Similar questions did not have answers specific to this implementation detail. Sorry if this is actually answered elsewhere and I missed it.
An STL vector holds a pointer to a heap buffer that contains the actual data. This allows the vector to resize the buffer on demand without invalidating the vector object itself. (See documentation of vector)
So, to answer your question. An array of vectors will not become invalid if one of the vectors needs to be resized. An array of pointers to vectors would also not become invalid if one of the vectors needs to be resized.
In STL a vector is an implementation of a dynamic array ( an array that can be resided on the fly). This essentially means that the array is dynamically allocated, and the user gets a pointer to the array on the heap. When more space is needed, a new array is allocated (usually double of it's previous size), the contents of the old one is copied over and the old array freed. And that is how data consistency is handled.
Now, when you have a array of vectors, statically allocated like the question shows, you have in memory (stack, or .data section, depending where you declare this array) an or 3 vector objects, allocated one after the other in memory, each one will hold a pointer to the an array allocated on the heap.
I hope this answers your question.
I know vectors are guaranteed to be contiguous memory, and so are arrays. So what happens when I do something like this:
std::vector<uint8_t> my_array[10];
my_array[2].push_back(11);
my_array[2].push_back(7);
What would the memory look like? If both need to be contiguous, would every element of the array after my_array[2] be pushed forward a byte every time I do a push_back() on my_array[2]?
Would this be the same situation as when I have an array of structs, where the structs have a member that has a variable size, such as a string or another vector?
Memory footprint of std::vector consists of two parts:
The memory for the std::vector object itself (very small, and independent of the size), and
The memory for the data of the vector (depends on the number of elements in the vector).

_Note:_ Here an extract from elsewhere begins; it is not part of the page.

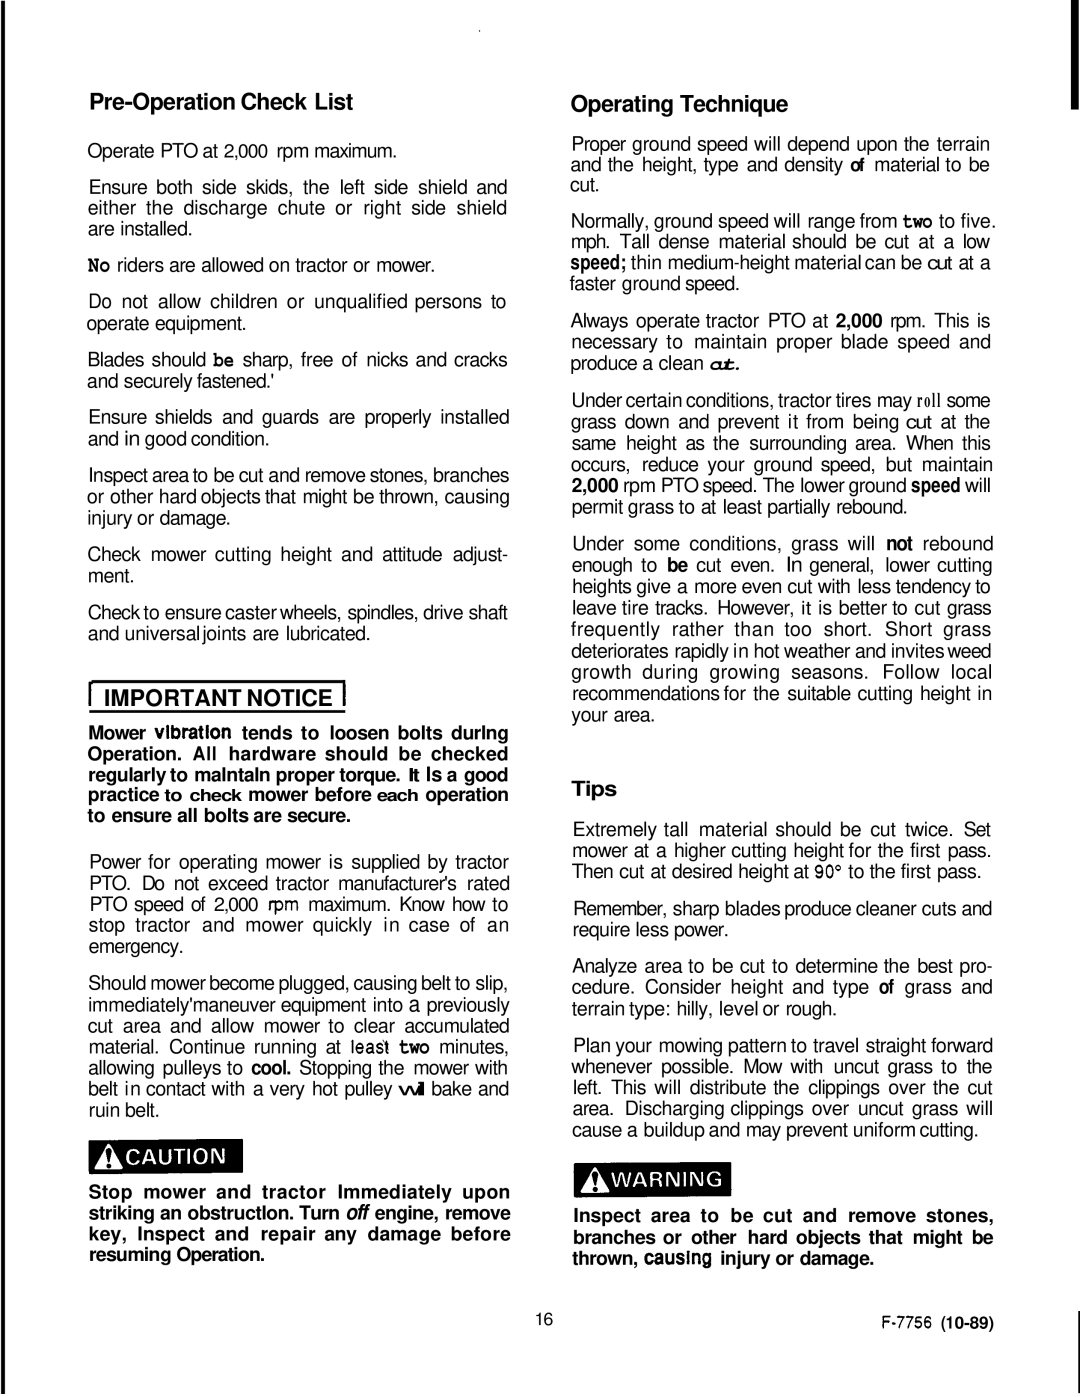 Honda Power Equipment RM752A manual Pre-Operation Check List, f IMPORTANT NOTICE, Operating Technique, Tips 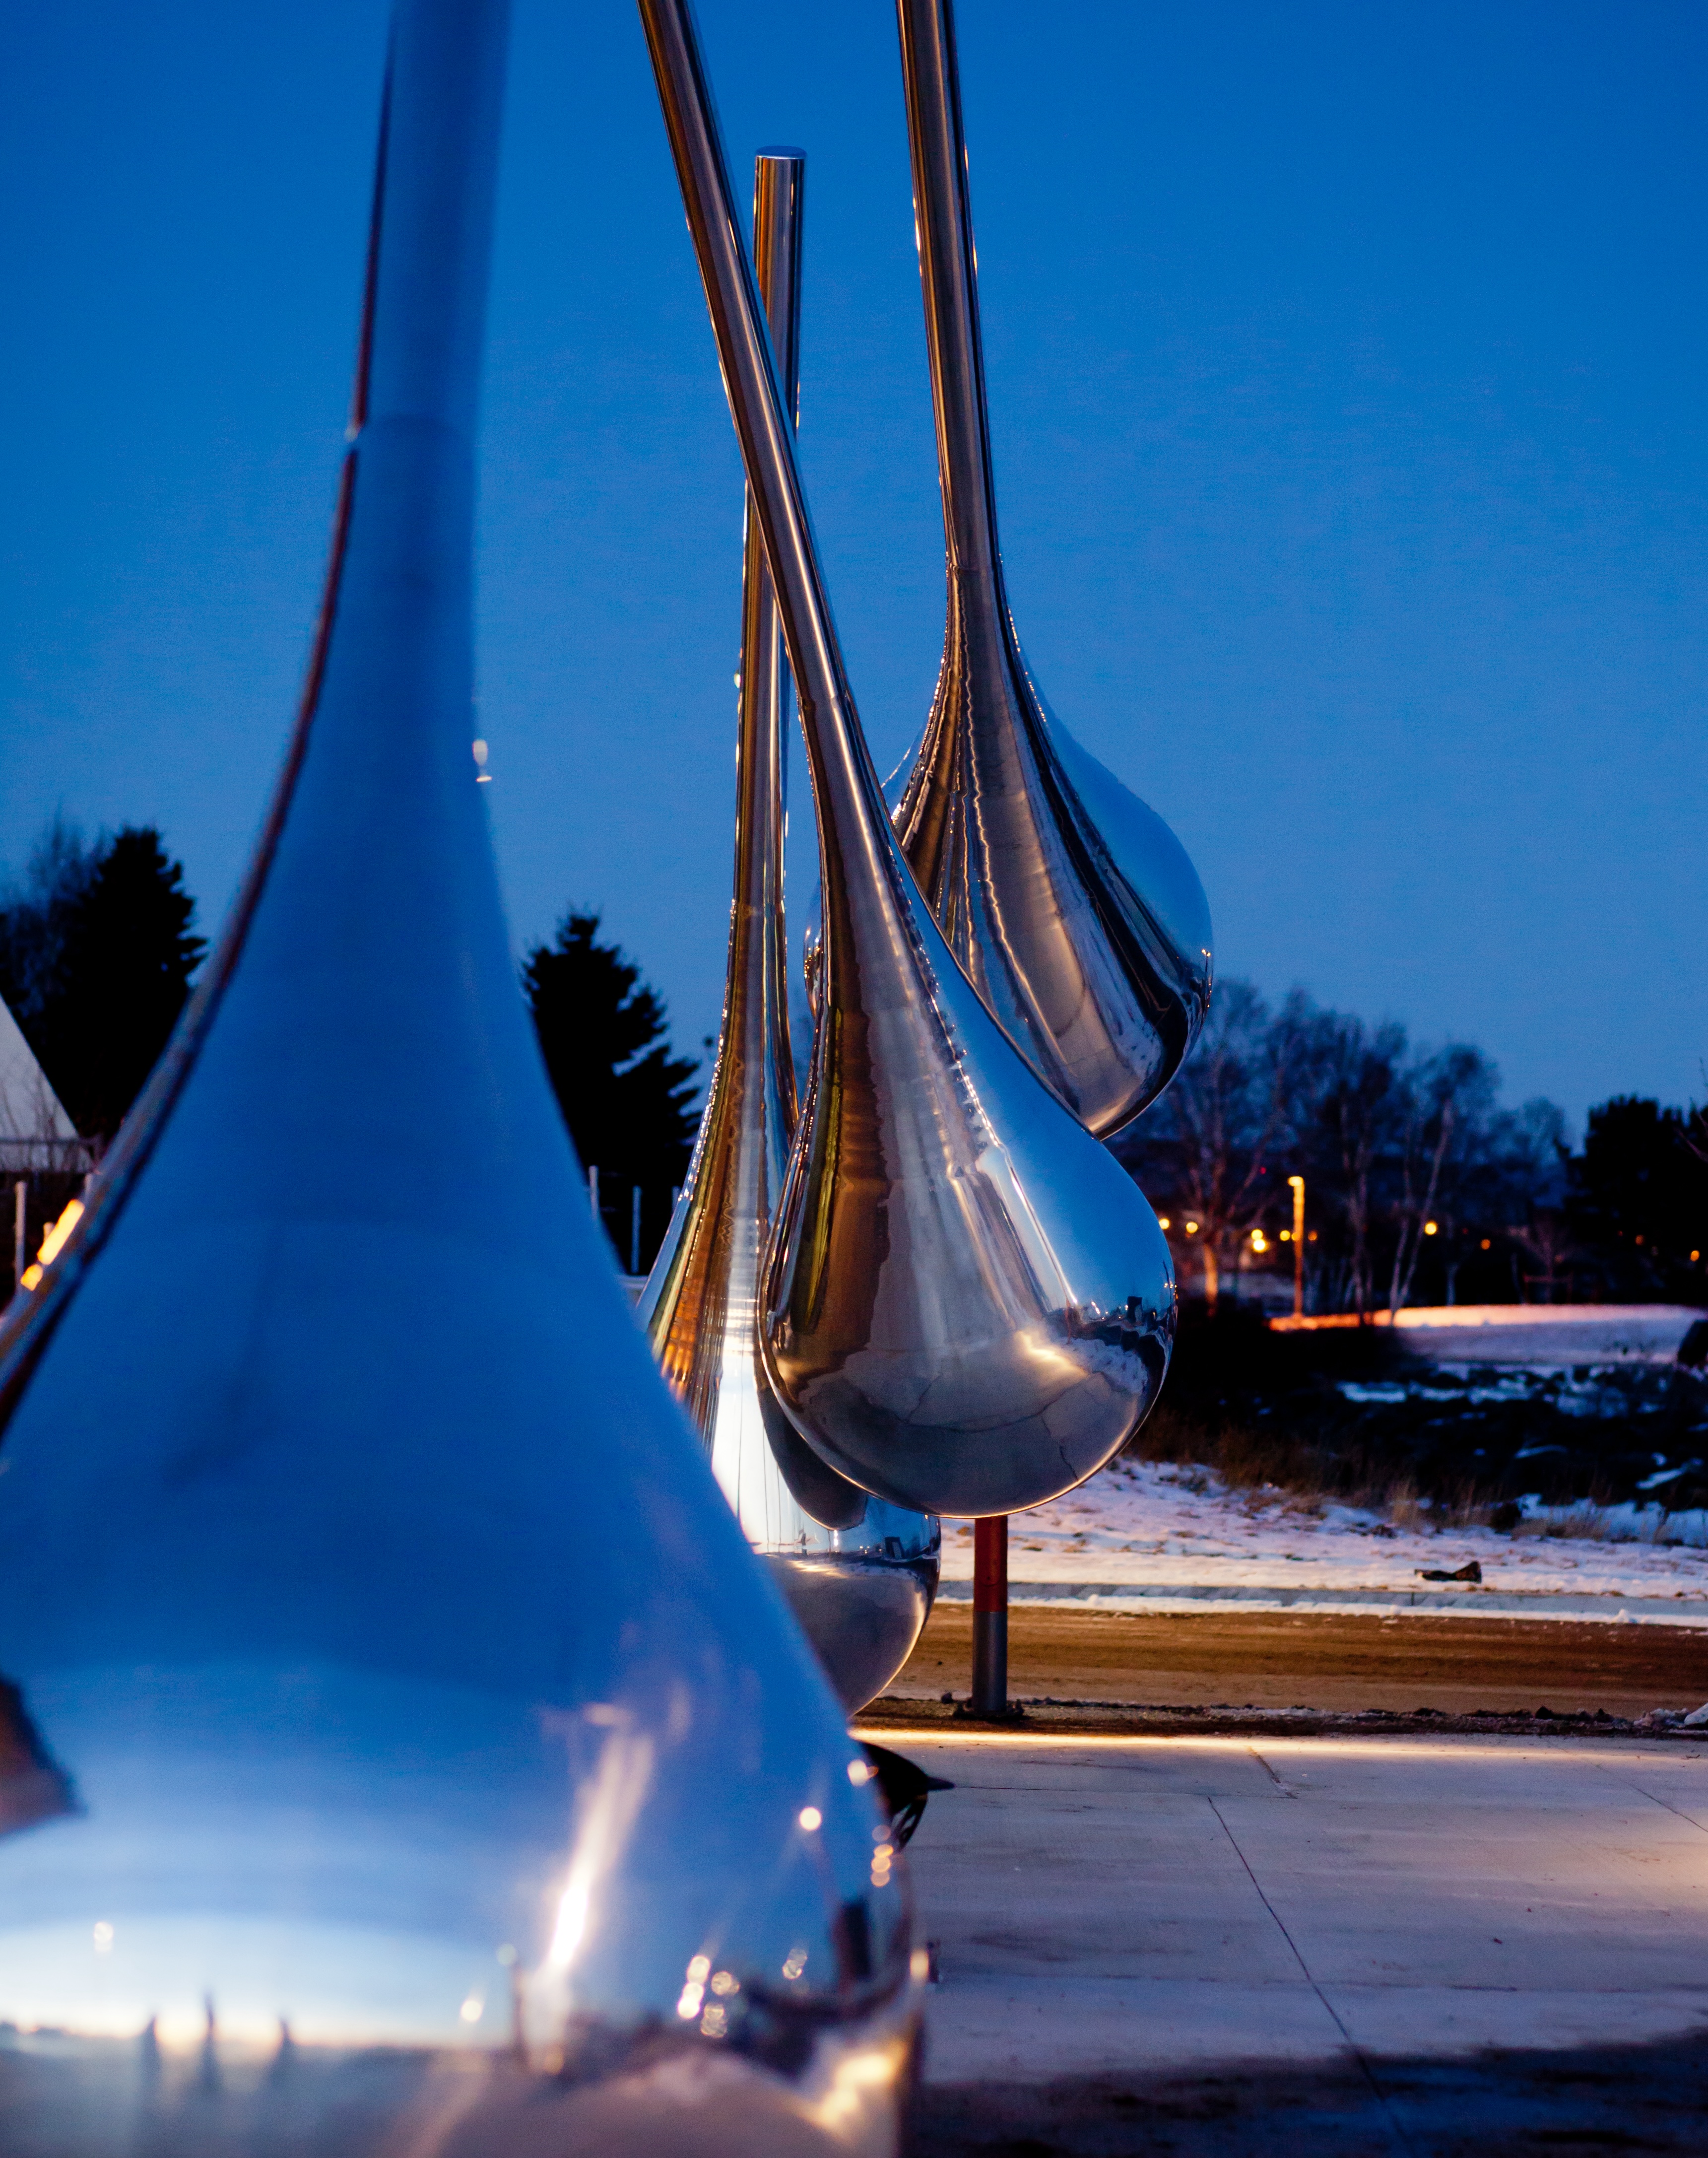 "Traveller's Return", an outdoor sculpture in Thunder Bay; large mirror-like metal water droplets displayed near the waterfront.

The first kind of data will be contiguous in an array; the second kind of data is allocated dynamically, so it would not be contiguous in an array.
This would not be the same as with a C struct that has a flexible data member, because the data portion of std::vector is not always allocated in the same kind of memory, let alone being adjacent to it. The vector itself may be allocated in static, dynamic, or automatic memory areas, while its data is always in the dynamic area. Moreover, when vector is resized, the memory for its data may be moved to a different region.
Each time you call push_back, std::vector checks if it has enough dynamic memory to accommodate the next data element. If there is not enough memory, then the vector allocates a bigger chunk of memory, and moves its current content there before pushing the new item.
The vector memory structure is contiguous in memory; however std::vector's all contain a pointer pointing to dynamically allocated memory for the actual storage (which is very very likely not contiguous).
Knowing this, std::vector::push_back will only check to see if the (external) dynamically allocated array has enough capacity to hold the new item, if not it will reallocate space. A push_back on the first vector that overflows will not cause the second vector in the array to reallocate memory, that isn't how it works.
Also, there is no such thing as a struct having a variable size, the size of structures and classes have to be known at compile time.
std::string also has a fixed size, although you may think it is variable, because it also (like vector) has a pointer to the char* it contains.